There are three main types of filters to use in Tableau
- Dimension filer
- Measure filter
- Date filter
Each works on a different type of data field. To apply a filter, simply drag a field into the filter pane, it looks like this.
Then you’ll be prompted with some options for your filter. Choose the ones you need and click apply.
Once you’ve created a data extract, you can add more data to it. Do this by going to Data -> Extract -> Append to File. You can do this with new data types, just make sure they are are the same type and have the same number of fields as the original data.
Tableau Large Datasets
It’s possible to work on large data sets using Tableau. Things do, however, get a little more difficult if your dataset doesn’t fit in memory. This is where data extracts and filters really come in handy. If your data is still too big to fit in RAM after extracting and filtering it down, it will still work but will run a lot more slowly.

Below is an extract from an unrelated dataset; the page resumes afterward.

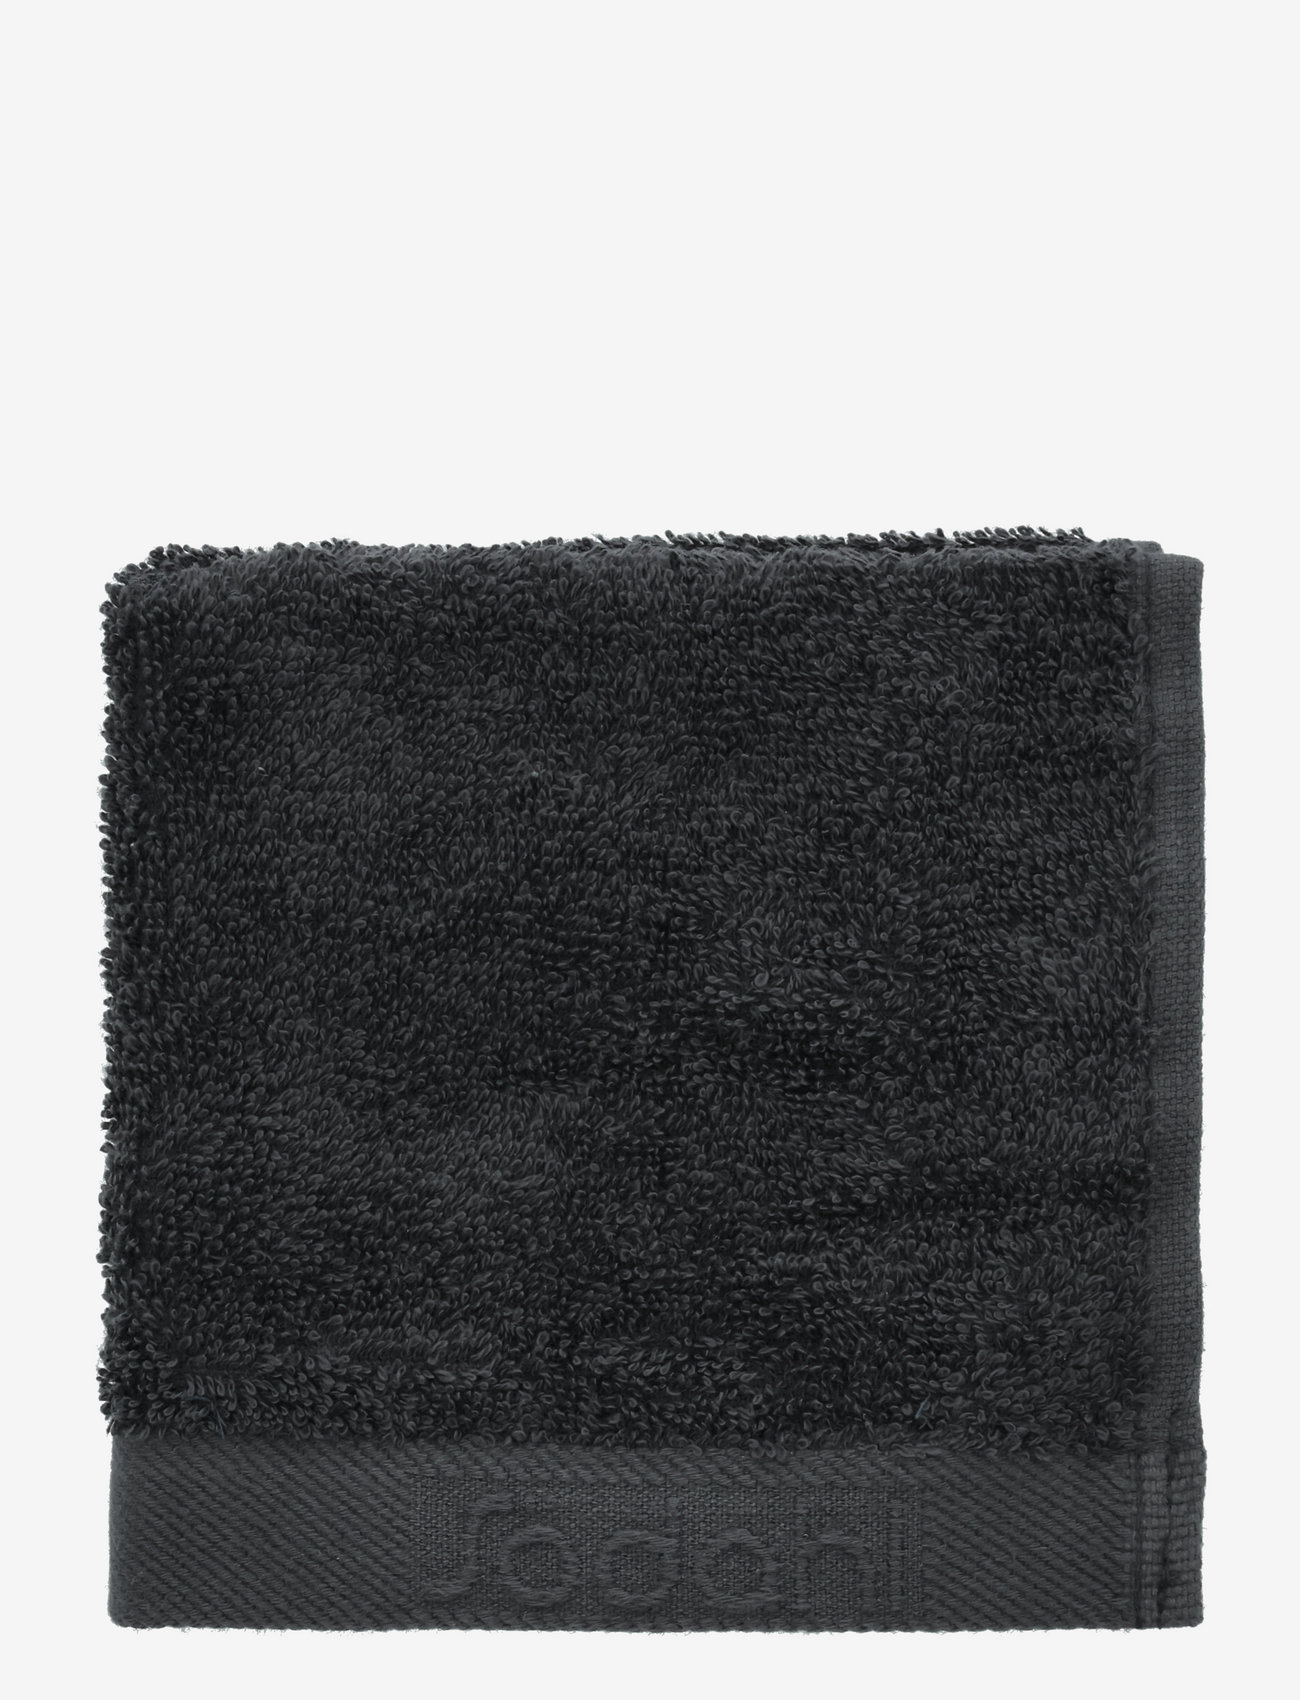 Södahl - Wash cloth Comfort O - laagste prijzen - black - 1

Finding Developers to Help You Out
If all of the above seems a little too much for you to do yourself, there are specialist teams that can help you out. Teams like the one here at DevTeamSpace are experts at setting up your data servers, sources and visualizations.
Putting it All Together
We’ve explained how to extract data from different sources with Tableau – a really powerful data extraction software. Using all the above techniques, you can import server data from multiple data sources, including your own files, cloud storage, or other databases. You can then use all of this to generate beautiful visualizations all in real-time for almost anything you can imagine.
You can also use some great tools like Tableau extracts and filters to trim and store the data locally to make it all work a lightning speed. Or, you can connect to a live data set and have your visualizations display live, up-to-the-second information.
Whatever your application, Tableaus is a great tool for combining different types of data and turning it into appealing visuals for your audience.